Beyond GDPR Whitepapers?
Walters is not alone in his thinking. “Vendor responses to the ‘preparation for GDPR’ question range from detailed, dedicated GDPR website pages to the offer of generic ‘here’s how you prepare’ themed whitepapers,” said Lisa Loftis, principal consultant for CI Advisory Services for SAS Best Practices. “And frankly, given the compliance deadline of May 2018, I believe that any vendor who is not deep in the throes of formulating solutions for this has already missed the boat.”
Zachary Paruch, product manager and legal analyst at Termly, where he works to build legal policies for American companies and vendors, thinks most MarTech vendors are only vaguely aware of GDPR. “As it is EU legislation, those of us in the US are skeptical of its scope and efficacy, particularly here in the states,” he said. “MarTech vendors do not recognize the extent of the overhauls they need to make, and are waiting for the legislation to take effect in May to see what pans out.”
Anne P. Mitchell, attorney and CEO/President of SuretyMail, believes far too many are behind the curve, and very few are ahead of it.”In the industry groups to which we belong,” she told CMSWire, “we’re only just starting to see the panicked questions.”
MarTech Vendors on GDPR
Let’s crack the vendor code, shall we? We caught up with a few MarTech providers about their GDPR compliance plans.
Lewis Barr, general counsel and vice president of privacy at Janrain, told CMSWire that the Portland, Ore.-based company conducted a gap analysis to determine the work it would need to do in separate roles as a data controller and a data processor. “We are a data controller with respect to the personal data we collect from business prospects and other individuals, such as those submitting their data on our website to request a whitepaper or sign up for a webinar, and we are a data processor with respect to the personal data we receive from our customers’ online properties and store for our customers as part of our services,” he said.

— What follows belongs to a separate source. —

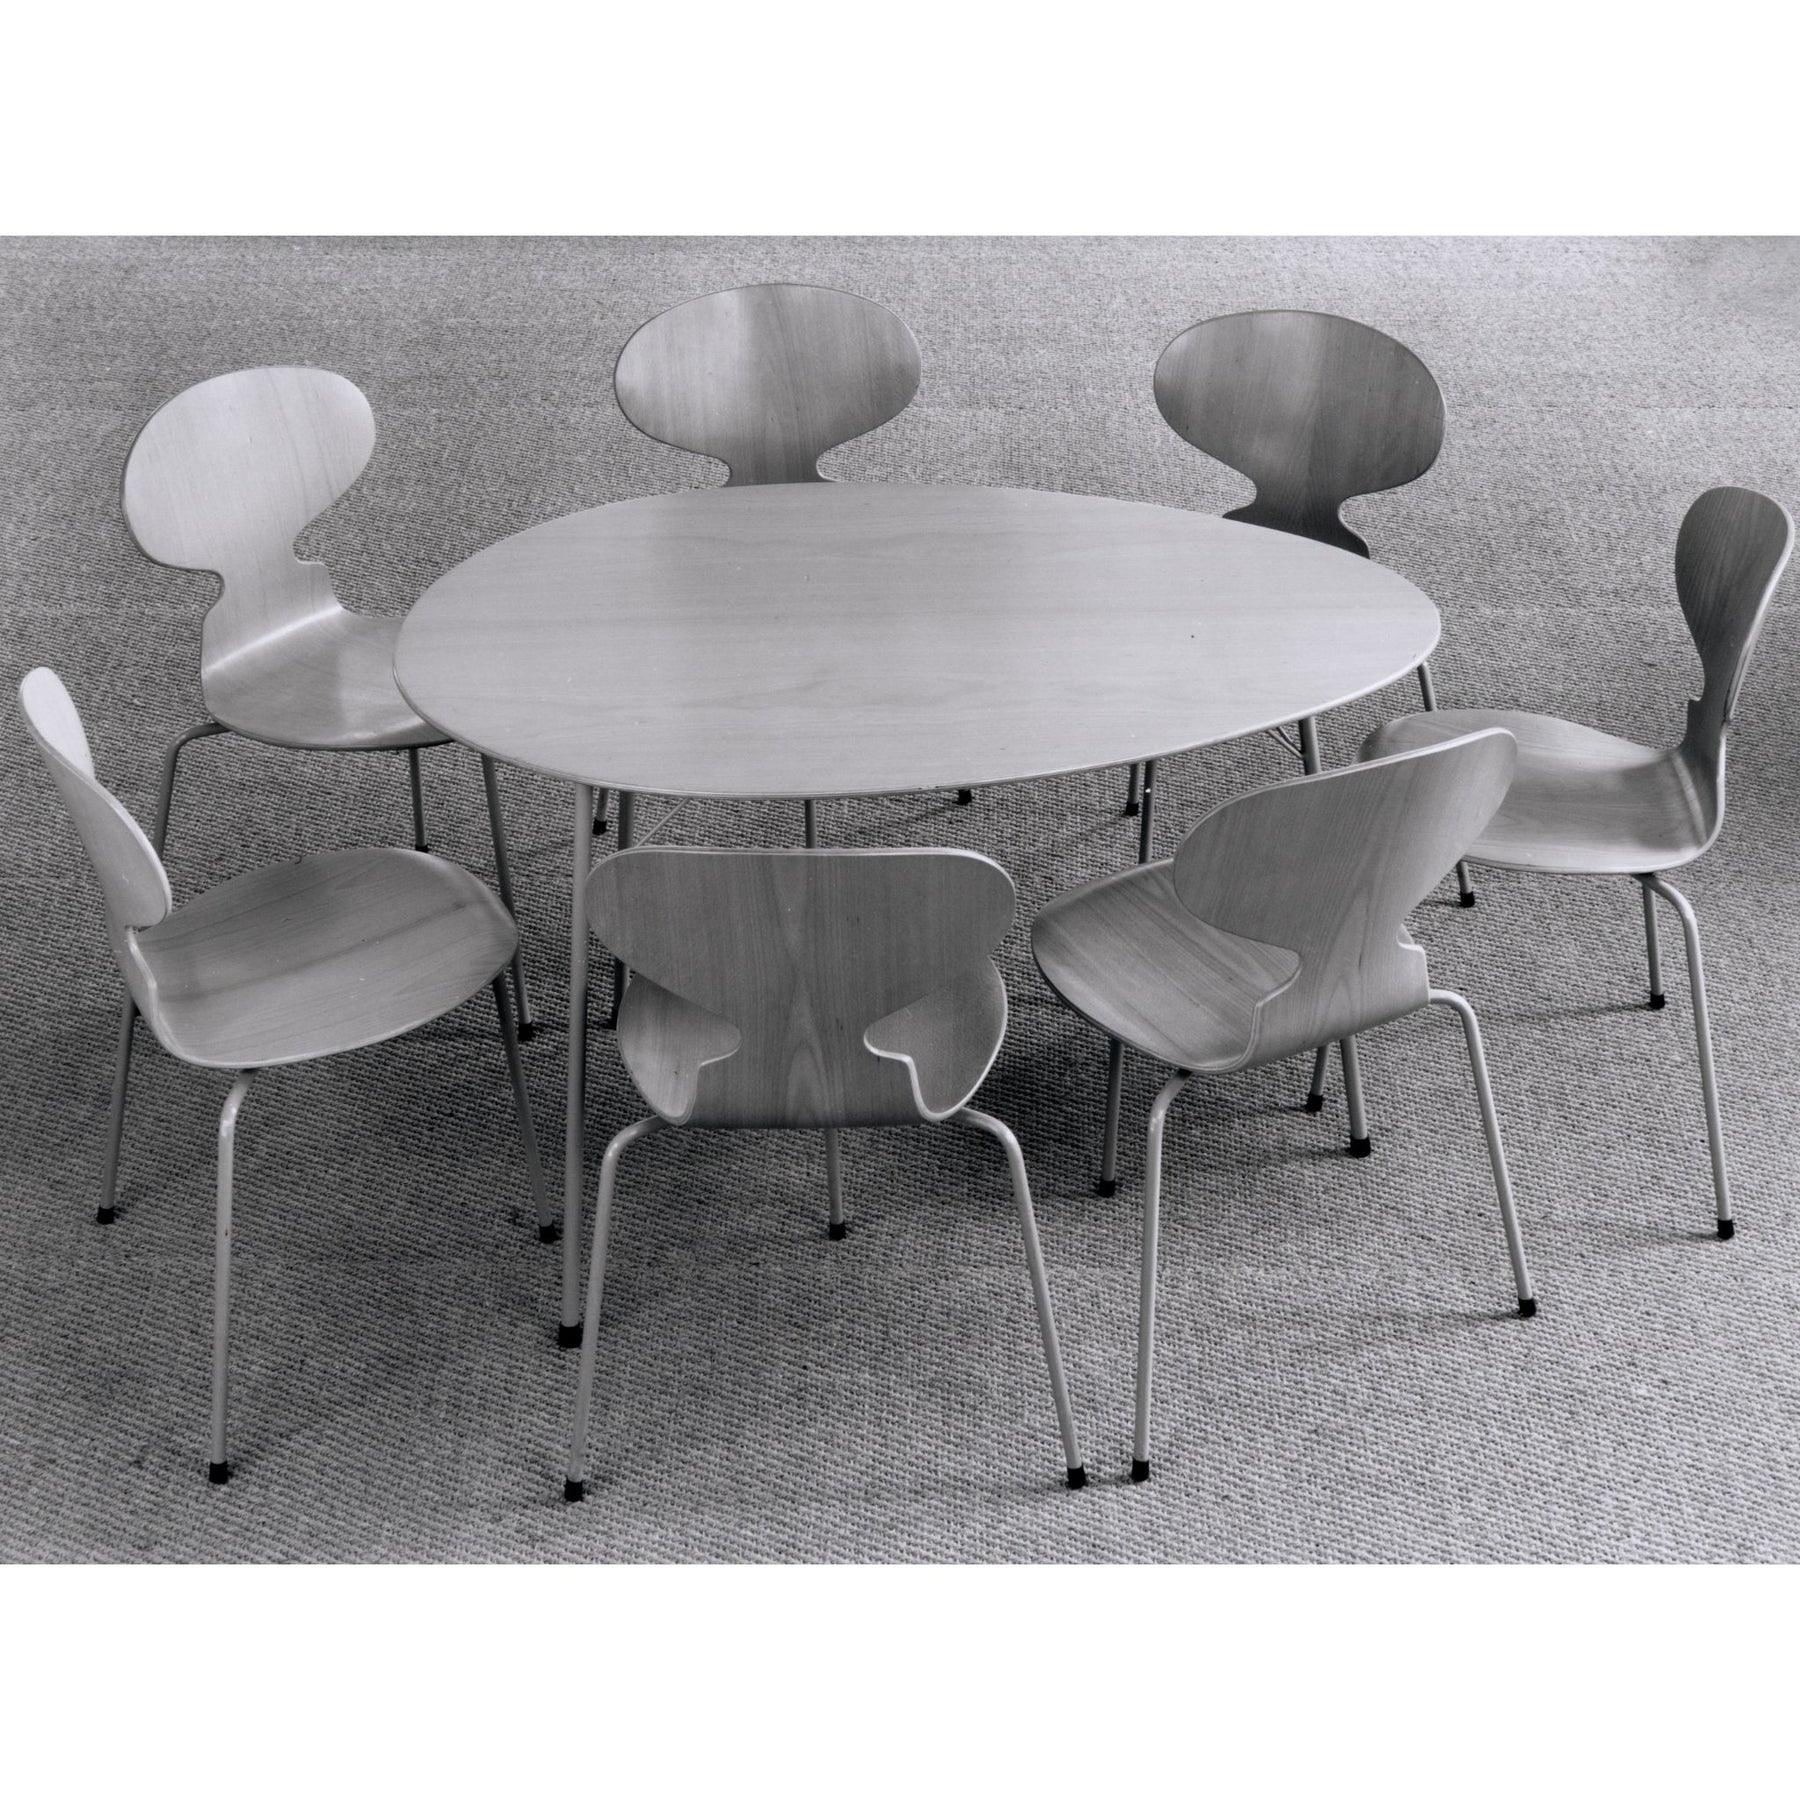 Fritz Hansen Egg Table and Ant Chairs by Arne Jacobsen Archival Photo from 1952
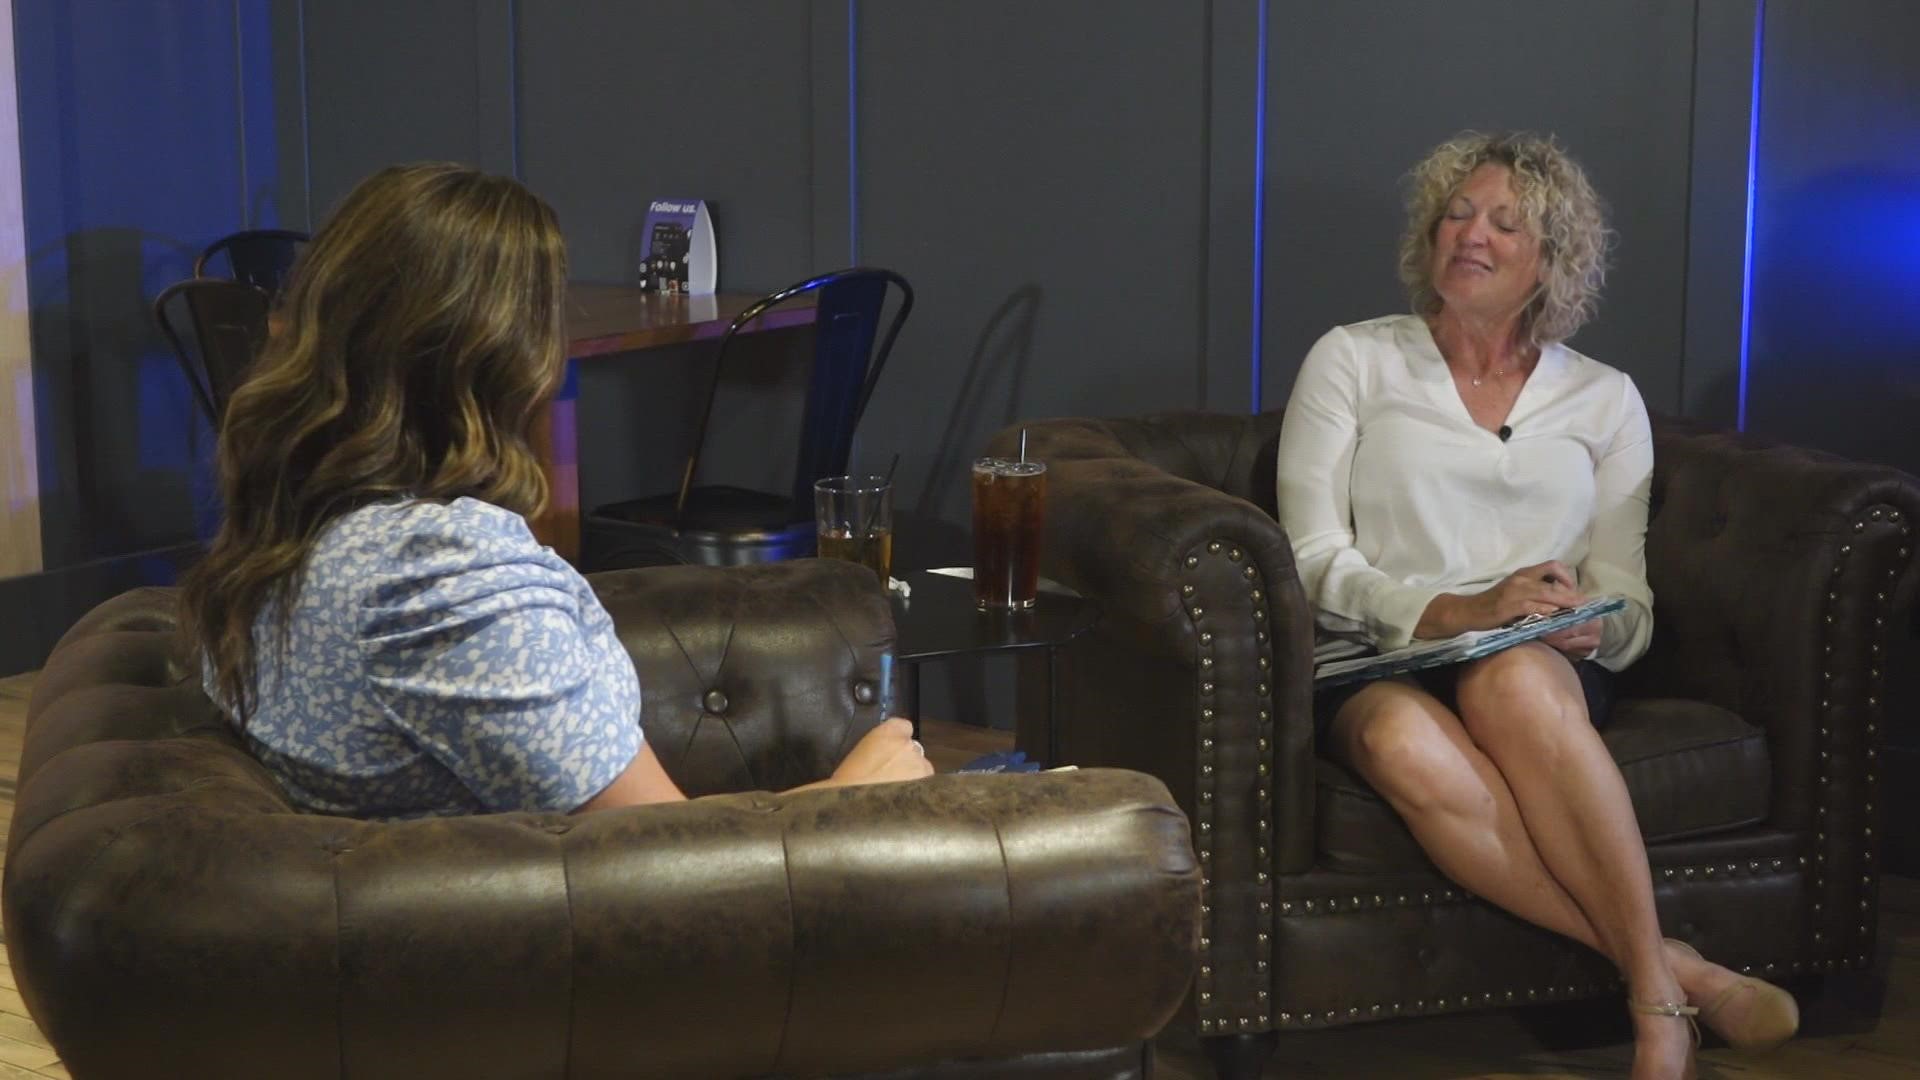 Steffanie Collins is running to be the next Spokane County Prosecutor. She joined KREM 2's Amanda Roley over tea to discuss her campaign.

Janrain had already implemented EU-U.S. Privacy Shield self-certification and third-party audits and security controls for compliance with ISO 27001:2013 and the SOC 2 Type 2 Availability, Security and Confidentiality Trust Principles.
On Tuesday, Janrain formally announced two cloud security certifications, including one specifically for PII handling, which is a central part of the GDPR legislation, company officials said.